## [DATA SHOWN]
#####

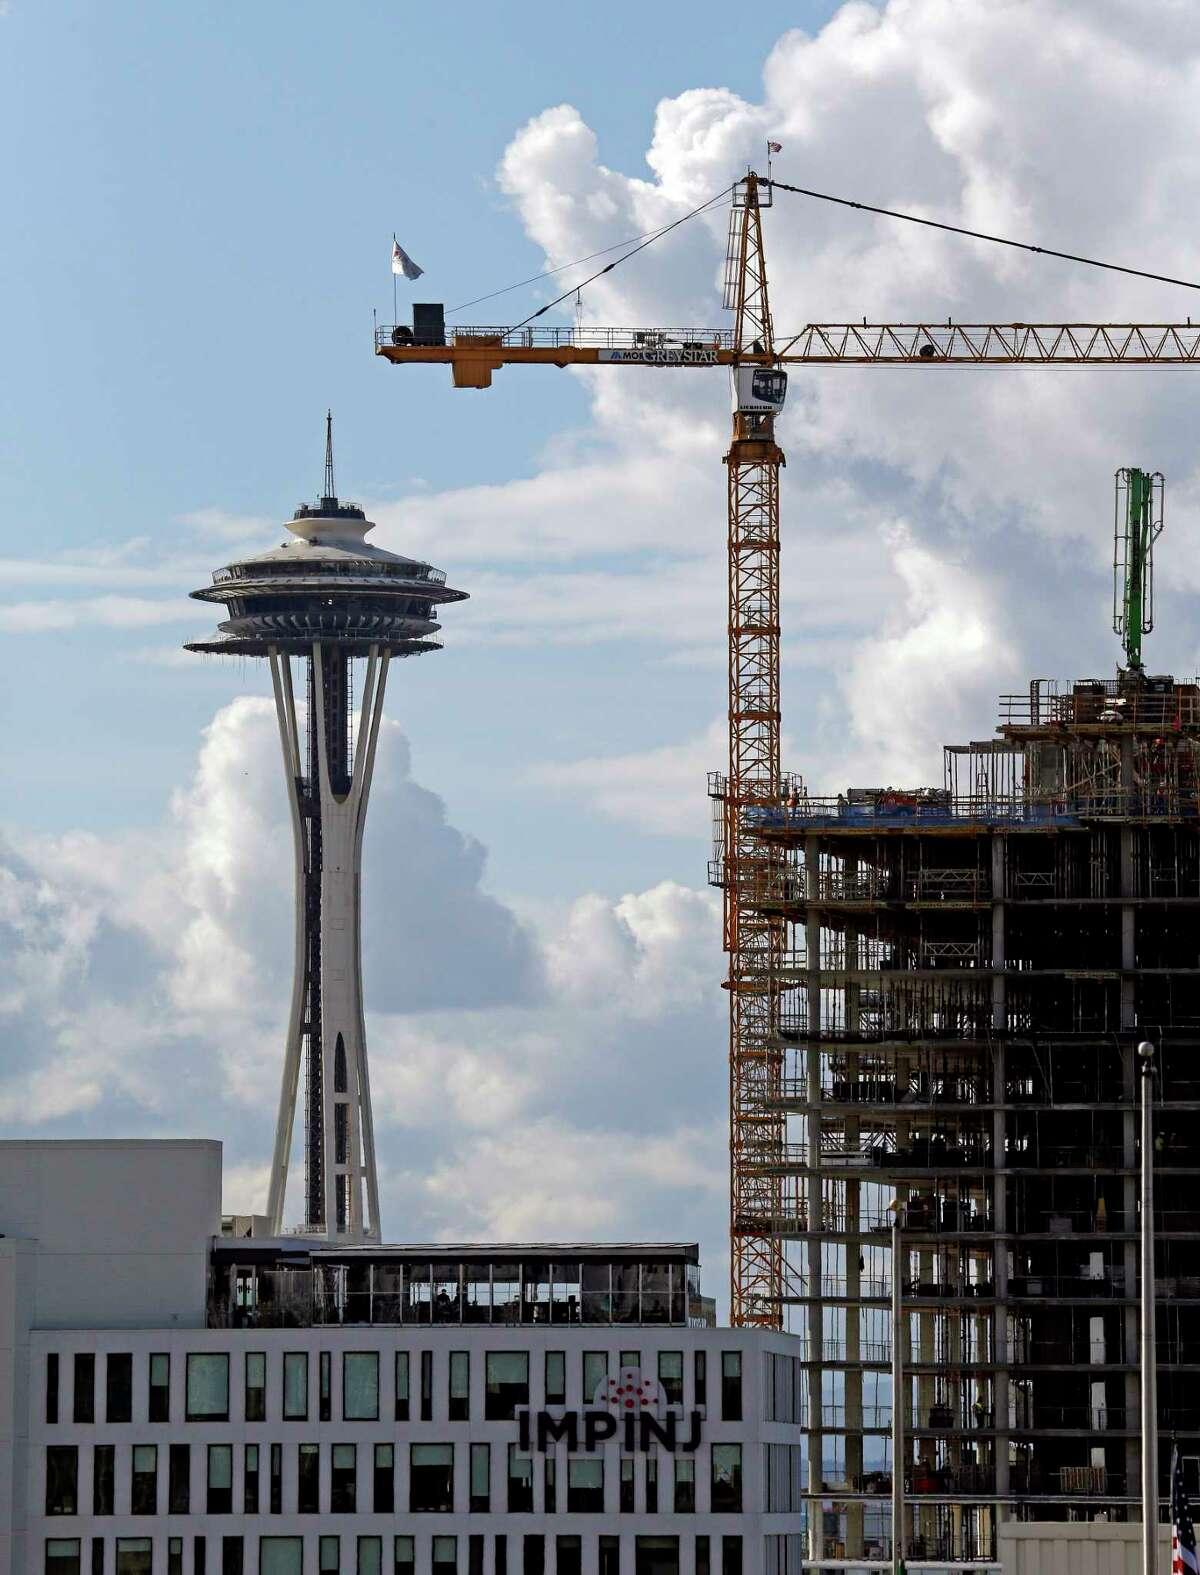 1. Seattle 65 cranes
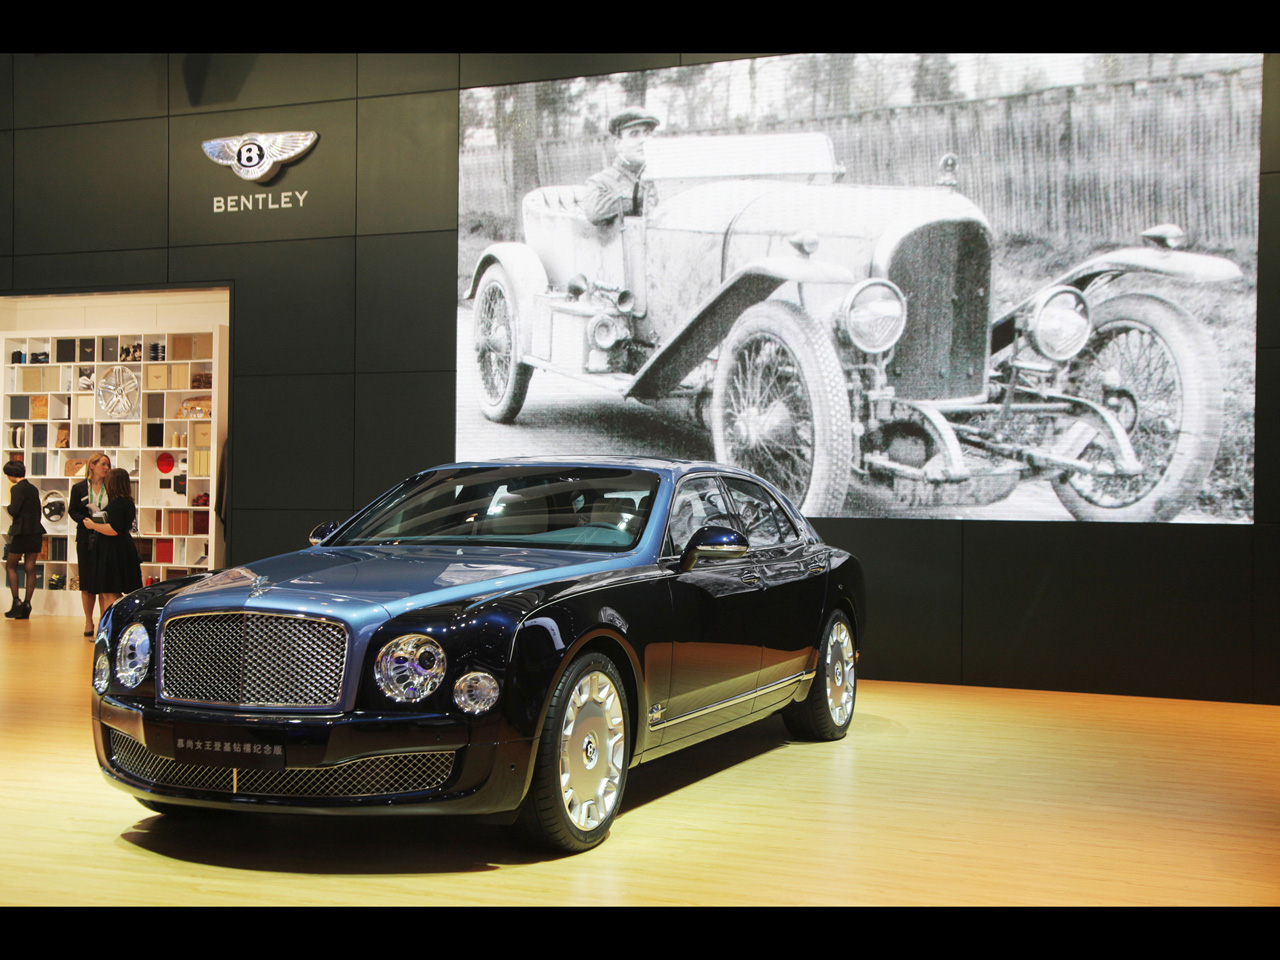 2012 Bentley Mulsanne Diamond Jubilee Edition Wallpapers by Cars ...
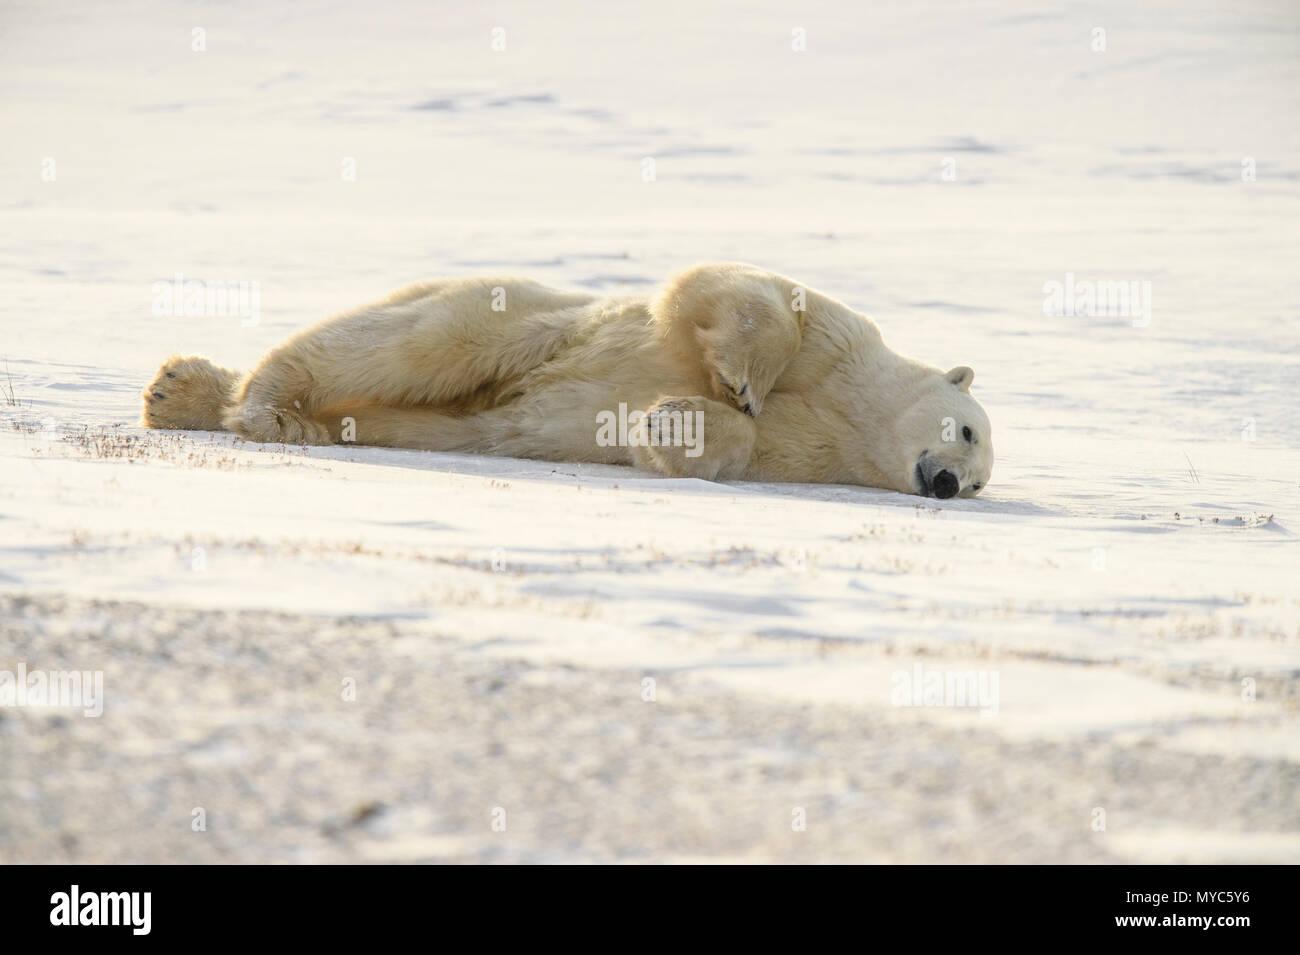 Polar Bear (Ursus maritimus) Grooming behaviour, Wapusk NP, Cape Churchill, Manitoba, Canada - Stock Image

#####

## [EXERCISE OBJECTIVE]
Every line above should be retyped exactly; the pictures do not belong in the copy.

## [SOLUTION TO THE PROBLEM]
 1. Seattle 65 cranes
 2012 Bentley Mulsanne Diamond Jubilee Edition Wallpapers by Cars ...
 Polar Bear (Ursus maritimus) Grooming behaviour, Wapusk NP, Cape Churchill, Manitoba, Canada - Stock Image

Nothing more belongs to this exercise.